© AFP/A. QURESHILe 8 mai 2002, un attentat-kamikaze commis à Karachi au passage d'un bus où avaient pris place des employés de la Direction des constructions navales, qui construisaient des sous-marins, avait fait 14 morts, dont 11 Français. L'attaque a été attribuée par les autorités pakistanaises à des islamistes, dont certains ont été condamnés à morts.
Selon Le Point, l'enquête pourrait être relancée dans les semaines qui viennent, sur une toute autre piste. Le journal explique qu'un document saisi par hasard par la justice française accrédite en effet la piste d'une implication de l'armée pakistanaise. Intitulé "Nautilus", il s'agit d'un rapport de la DCN, daté de septembre 2002. Il conclut, après une mission de renseignement interne, à l'implication de personnalités militaires mécontentes du non-versement de commissions à des dirigeants politiques pakistanais. L'existence de ce rapport, saisi dans le cadre d'une autre affaire dans un bureau d'un dirigeant de la DCN, a été versée en octobre au dossier judiciaire français.

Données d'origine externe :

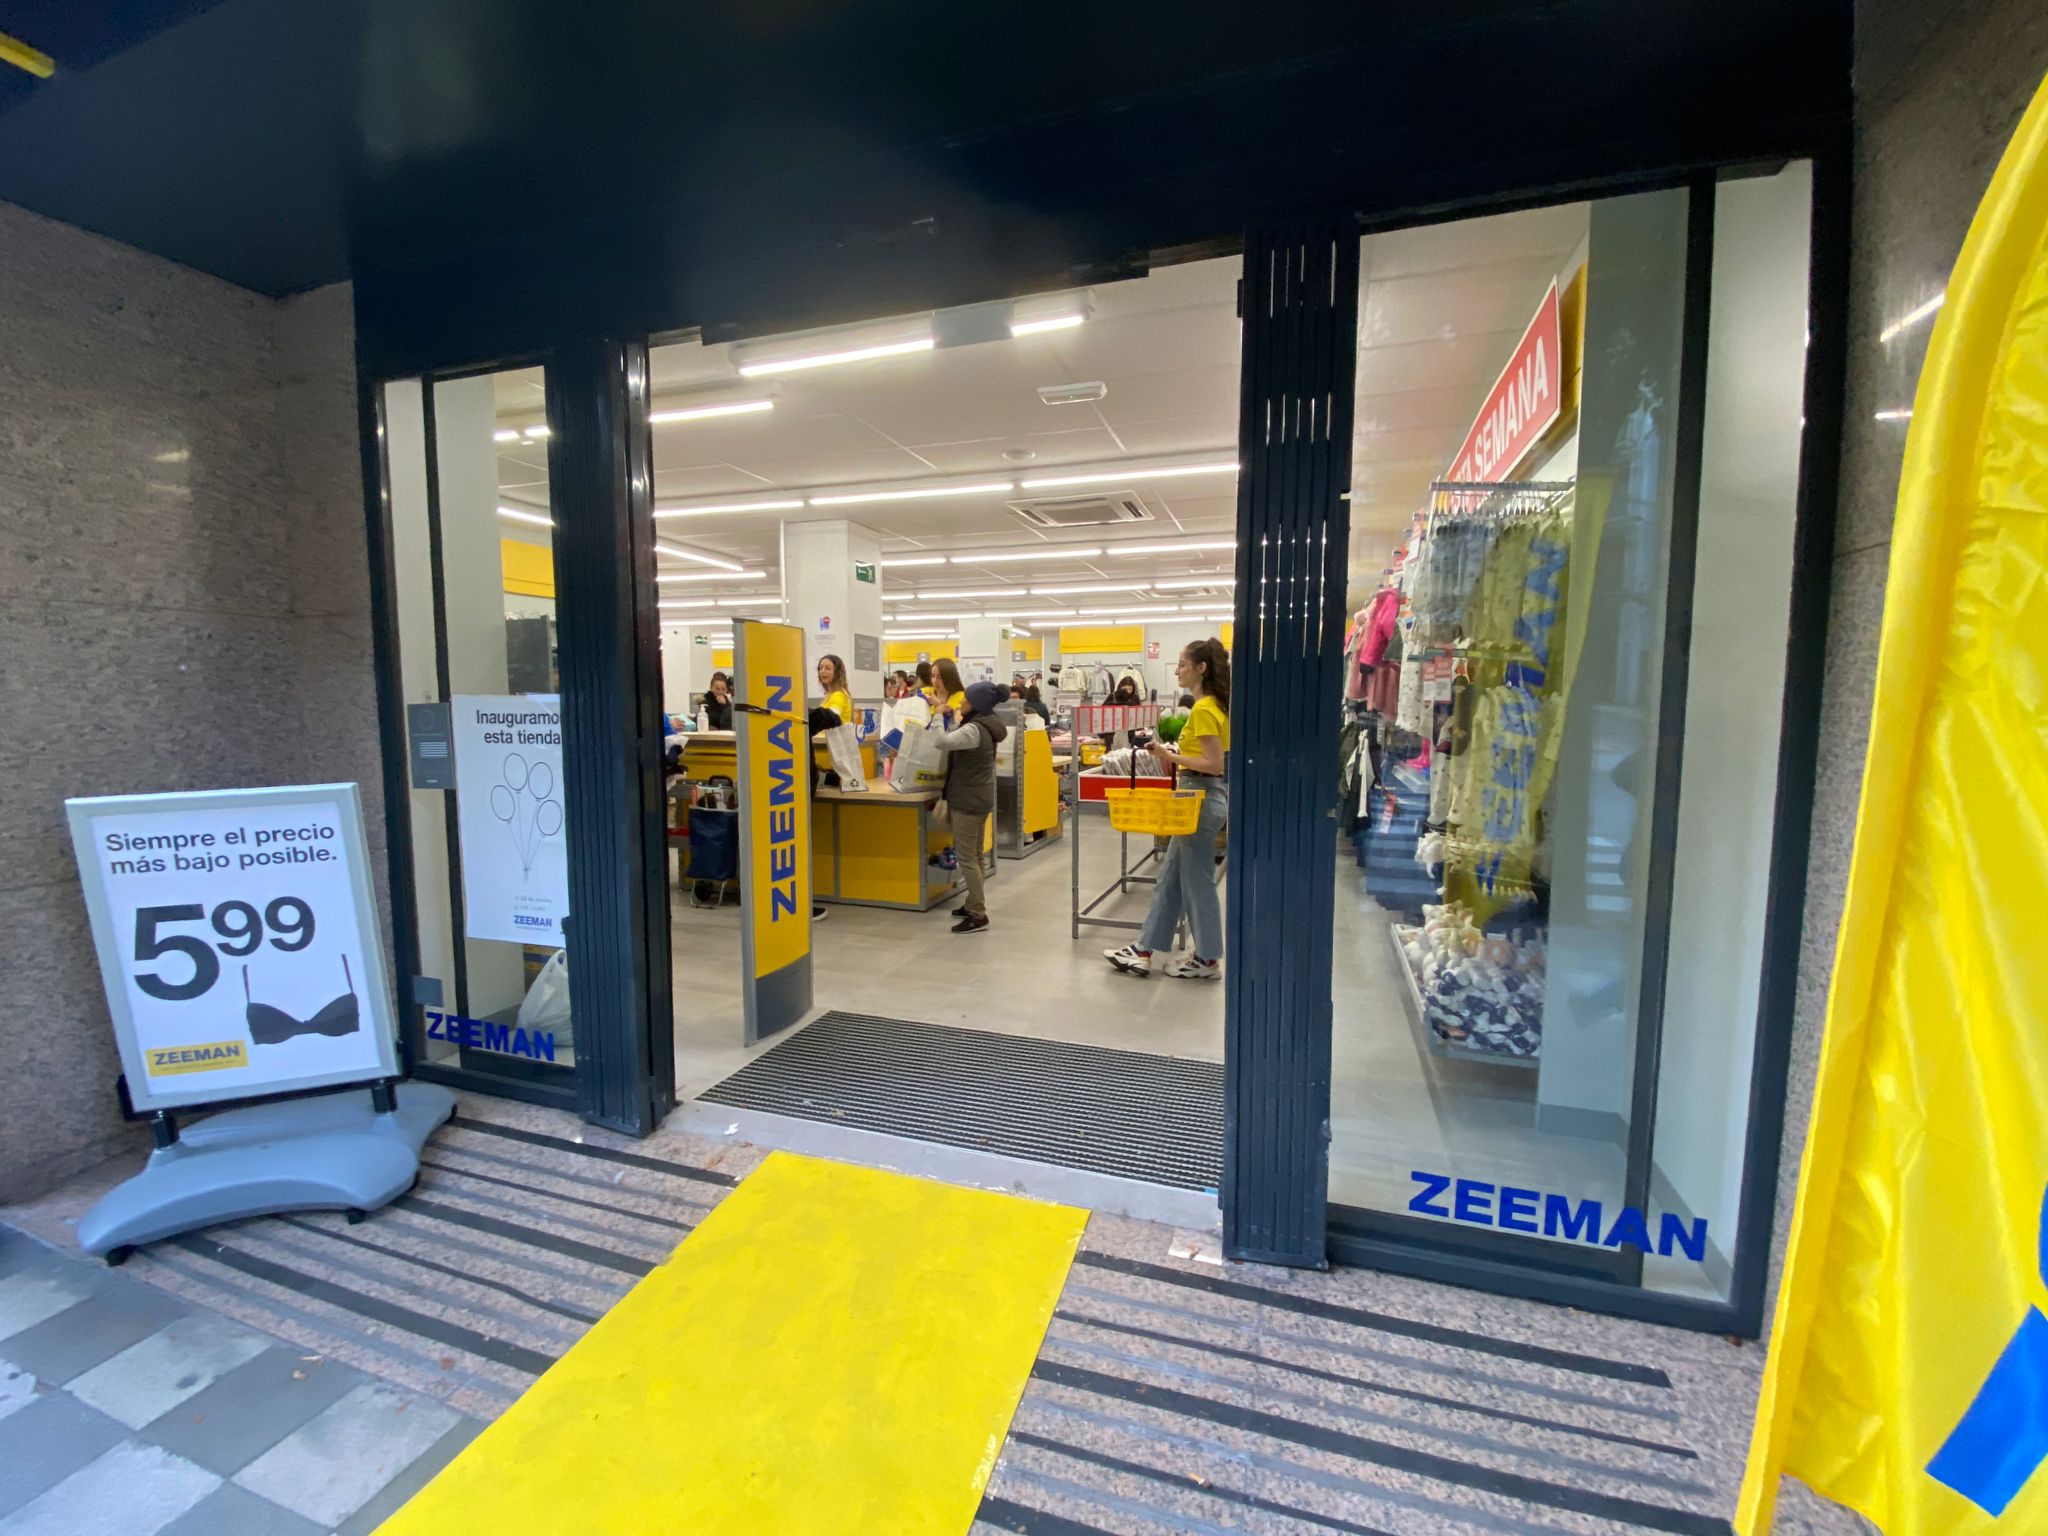 La multinacional Zeeman tienda ropa 'low cost' en Cuenca capital - de Cuenca

Le nom du président actuel cité
Le point de départ de l'attentat serait en fait le contrat de construction des sous-marins et ses conditions. Le rapport affirme que Jacques Chirac, après son élection en 1995, avait interdit le versement de commissions initialement convenues en 1994 lors de la signature du contrat prévoyant la livraison de trois sous-marins par la DCN au Pakistan. Parmi les personnalités qui auraient été frustrées du versement de commissions, le rapport cite, selon Le Point, Asif Ali Zardari, mari de Benazir Bhutto, alors Premier ministre du Pakistan. Asif Ali Zardari est quant à lui aujourd'hui président du pays. "Après de nombreux contacts, tant en Europe qu'au Pakistan, nous parvenons à la conclusion que l'attentat de Karachi a été réalisé grâce à des complicités au sein de l'armée", ajoute "Nautilus", qui n'est pas signé.
L'information judiciaire toujours ouverte en France contre "X" pour "assassinats en relation avec une entreprise terroriste, tentatives d'assassinat et complicité" pourrait donc être relancée par des "investigations financières", selon un haut responsable antiterroriste français.